● **Data excerpt**
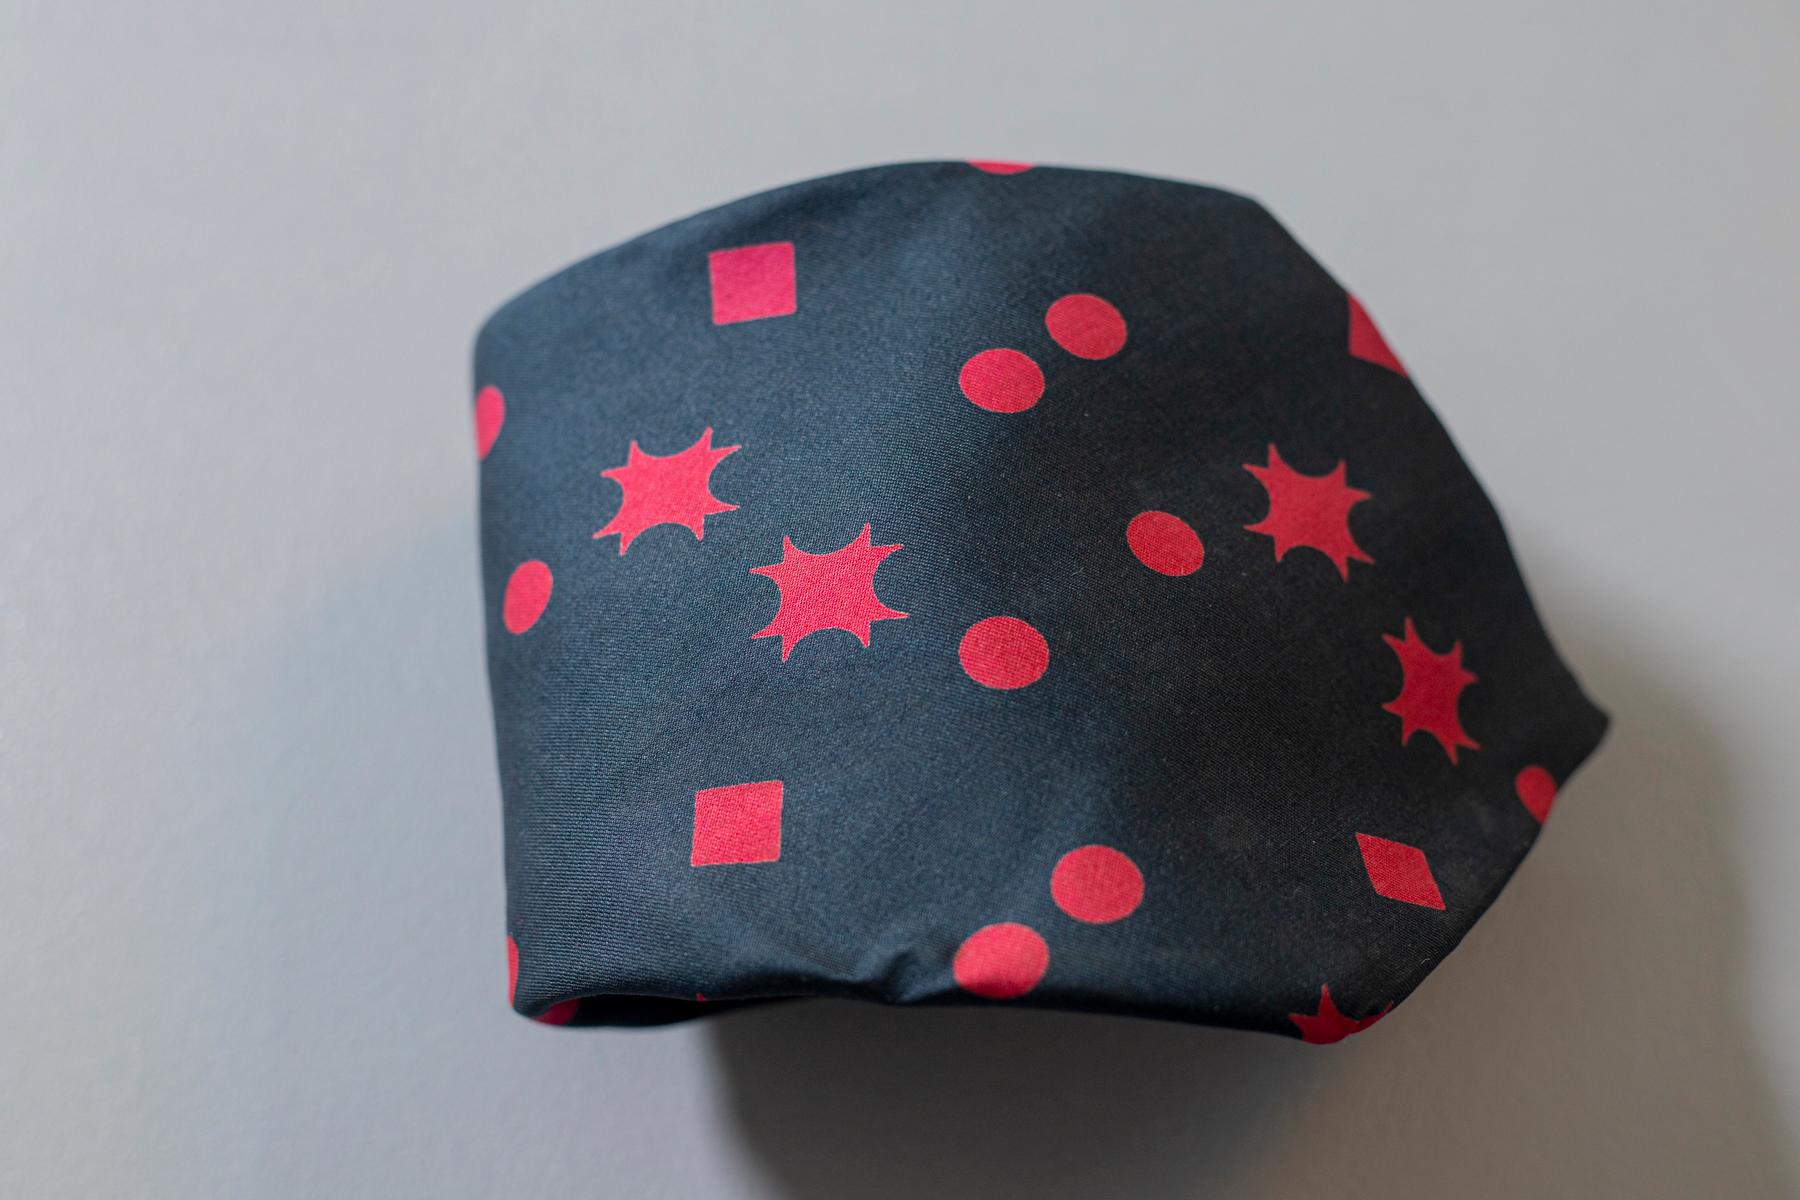 Cravate vintage conçue par Piere D'Albye, elle est faite de 100% soie, décorée de petites formes géométriques rouges sur un fond bleu. Idéal pour un cocktail entre amis, nous vous conseillons de le combiner avec un costume bleu et une chemise
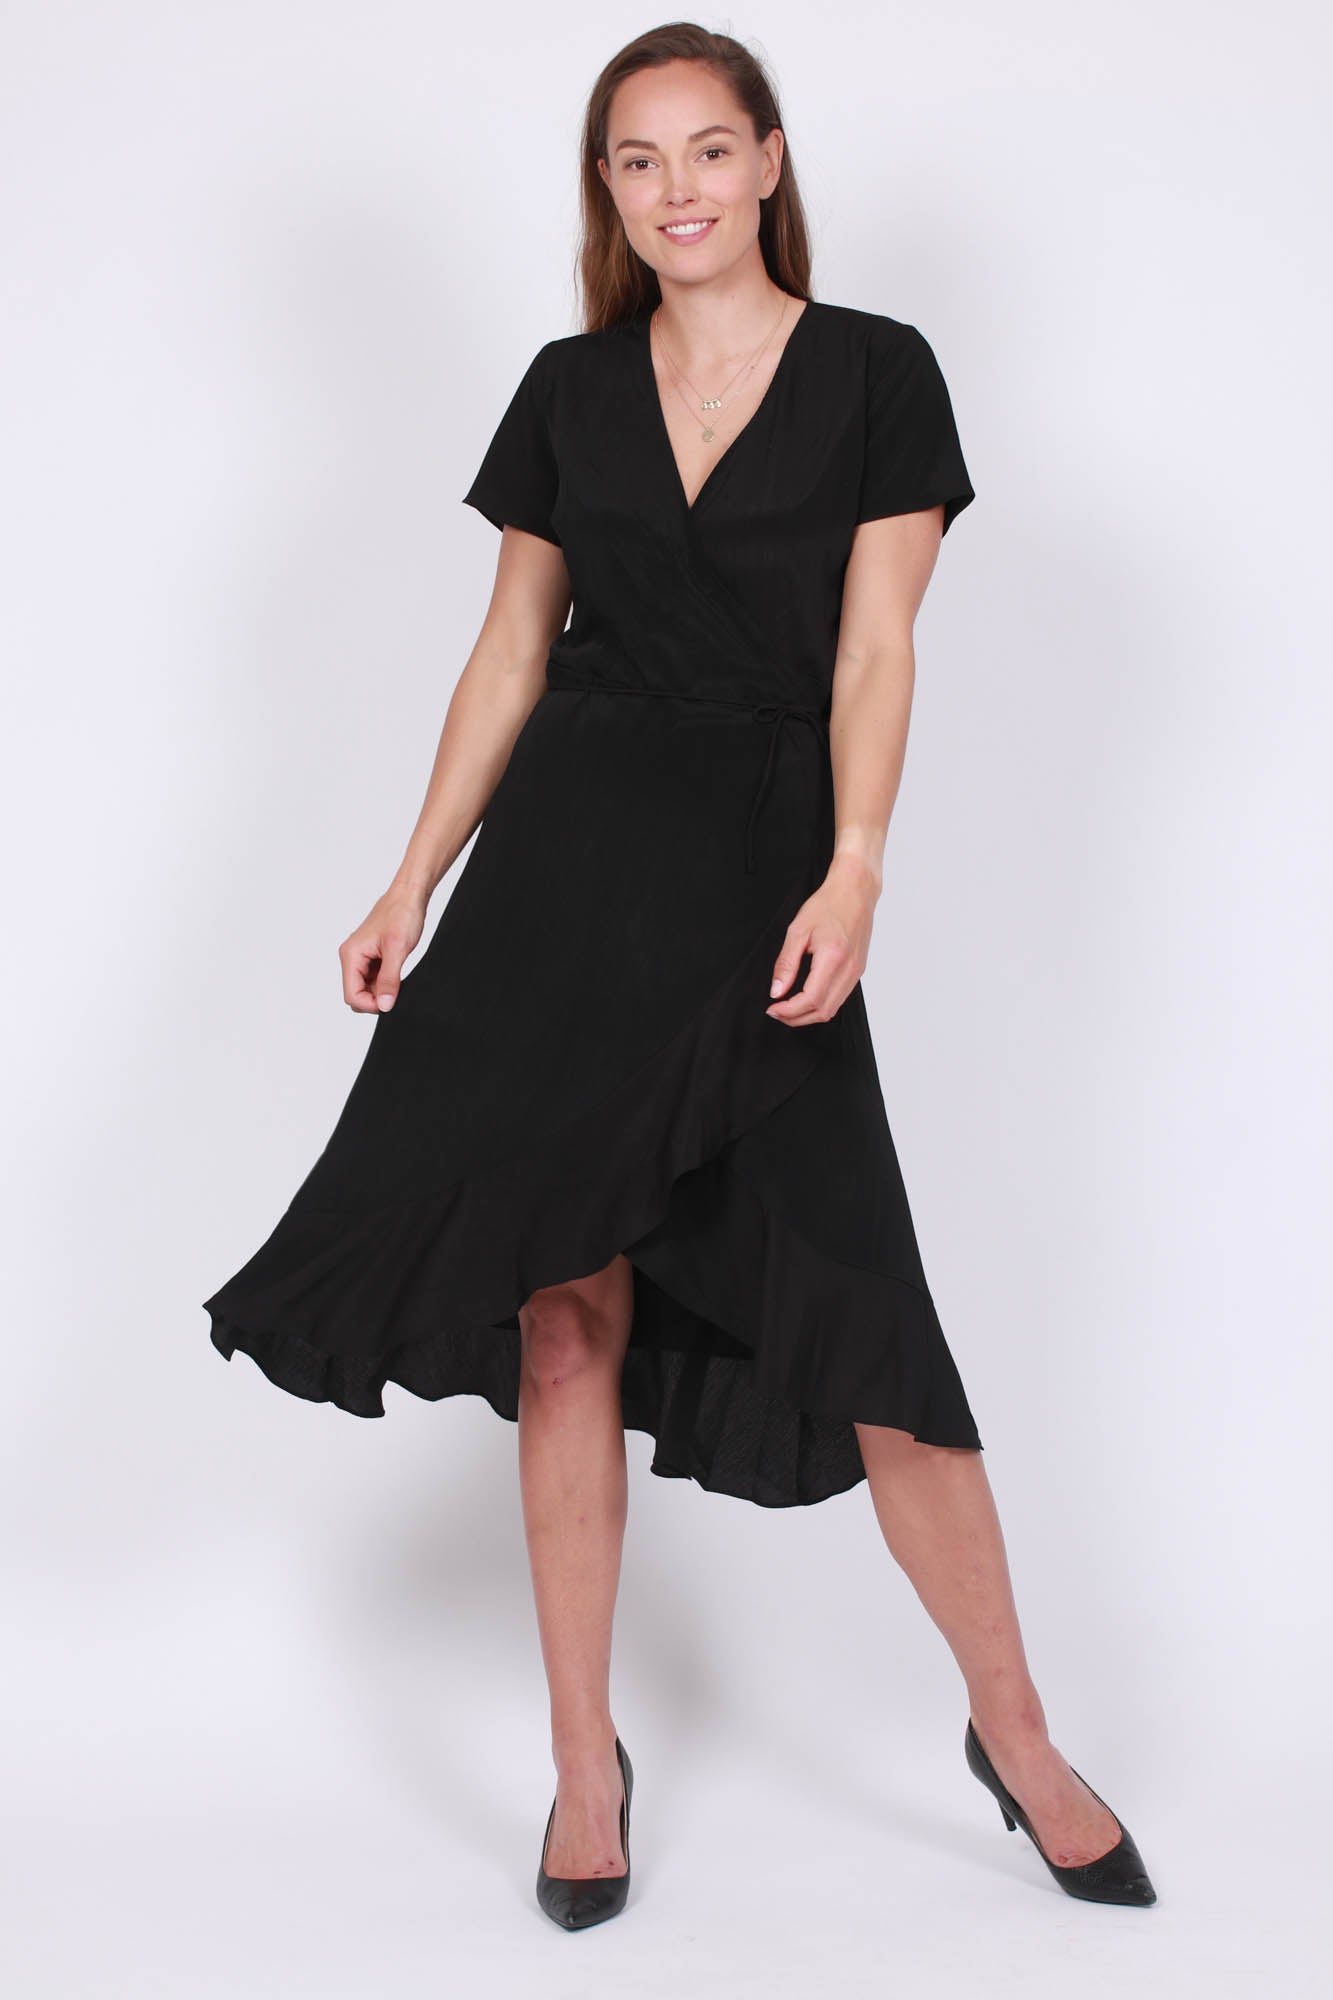 Magga Structure Dress - Black - Neo Noir - Kjoler - VILLOID.no
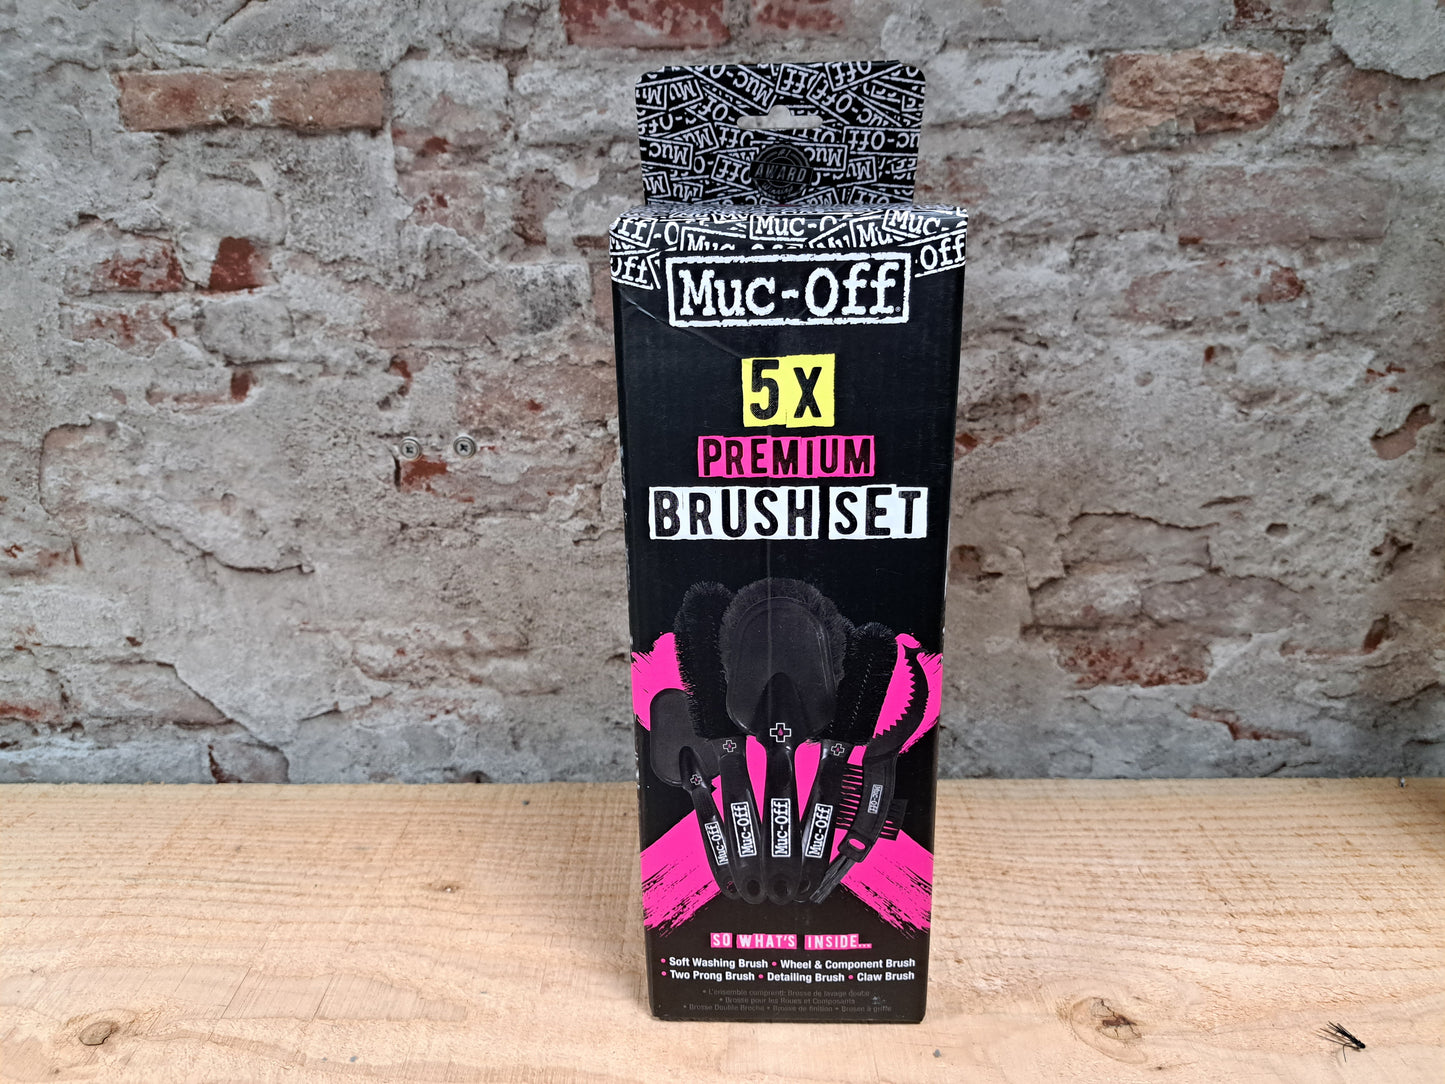 Muc-Off 5x Premium Brush Set

● **Aim of the task**
Restate, word for word, all of the material above, leaving out the images.

● **Result of this exercise**
 Cravate vintage conçue par Piere D'Albye, elle est faite de 100% soie, décorée de petites formes géométriques rouges sur un fond bleu. Idéal pour un cocktail entre amis, nous vous conseillons de le combiner avec un costume bleu et une chemise
 Magga Structure Dress - Black - Neo Noir - Kjoler - VILLOID.no
 Muc-Off 5x Premium Brush Set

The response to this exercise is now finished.